My first reaction is to quote this to the attorney and tell him he can go f$&@%ing pound sand. Especially reading his attitude between the lines in his communication with our hero in this tale, the humble surveyor.

My second reaction is to look up "possession" and "occupation" in Blacks and see that there is a lot there, from the general to the nuanced.

My third reaction is that, whilst many attorneys are asswads with no personality or tact; they generally are more likely to be so when they feel they have cause. Something about the way the situation was depicted or noted on the survey made his spider senses start tingling. Or he's just an asswad, that option's very much still in play at this point.

My fourth reaction is to call our co-professional over at the firm of Asswad and Tactless and make my case.
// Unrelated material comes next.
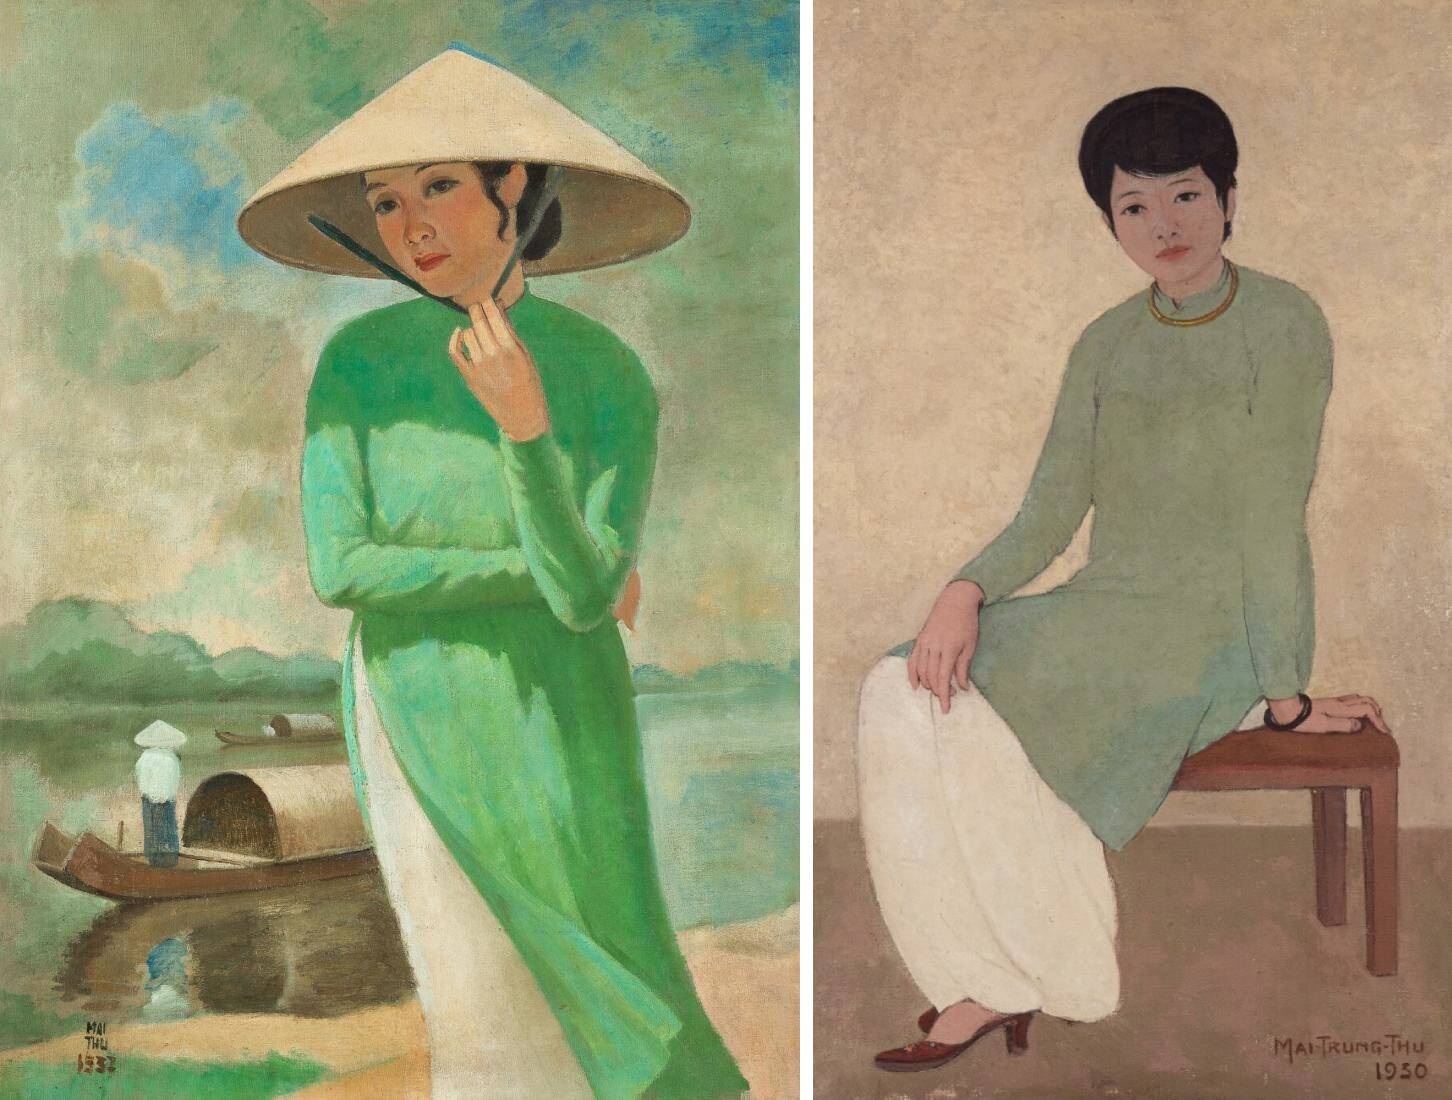 Hội họa: Hội họa là một trong những hình thức nghệ thuật đẹp nhất, đầy chất thơ và cảm xúc. Tranh vẽ giúp bạn bung tỏa tâm hồn, khám phá vẻ đẹp trong cuộc sống và tìm được sự thoả mãn và giải thoát, trong đó phản ánh được sự tinh tế và uyển chuyển nhất của văn hóa Việt Nam.
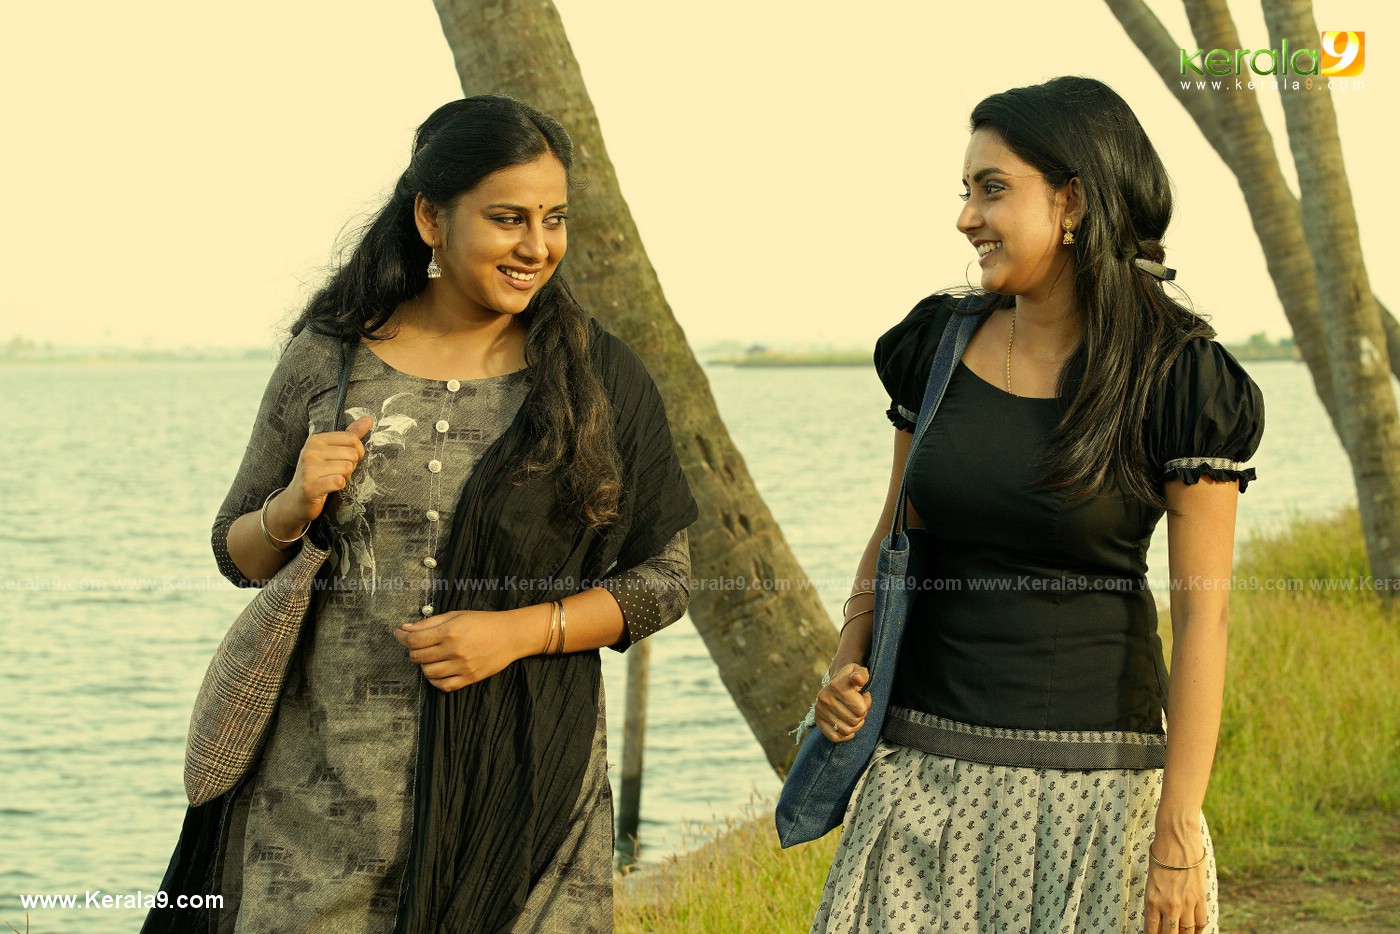 anna reshma rajan in madura raja movie stills 12 - Kerala9.com

I'm showing the fence regardless, it's a substantial improvement on the property. Period. As to the use of the area as storage of personal property rather than fixtures; given the fact that I have reason to believe that this use is permissive and may not fall under a strict interpretation of possession or occupation as used in real property law, I'm open to working with Mr. Asswad, Esq. to come up with language to use on the survey that I can live with and that he doesn't feel might impinge on any of his client's rights down the road.

If that doesn't work, I submit the survey and invoice as is and make sure they know I have no qualms about placing a lien on the property if I don't get paid. And I make sure that as I'm hanging up the phone, our attorney friend hears me call him asswad under my breath.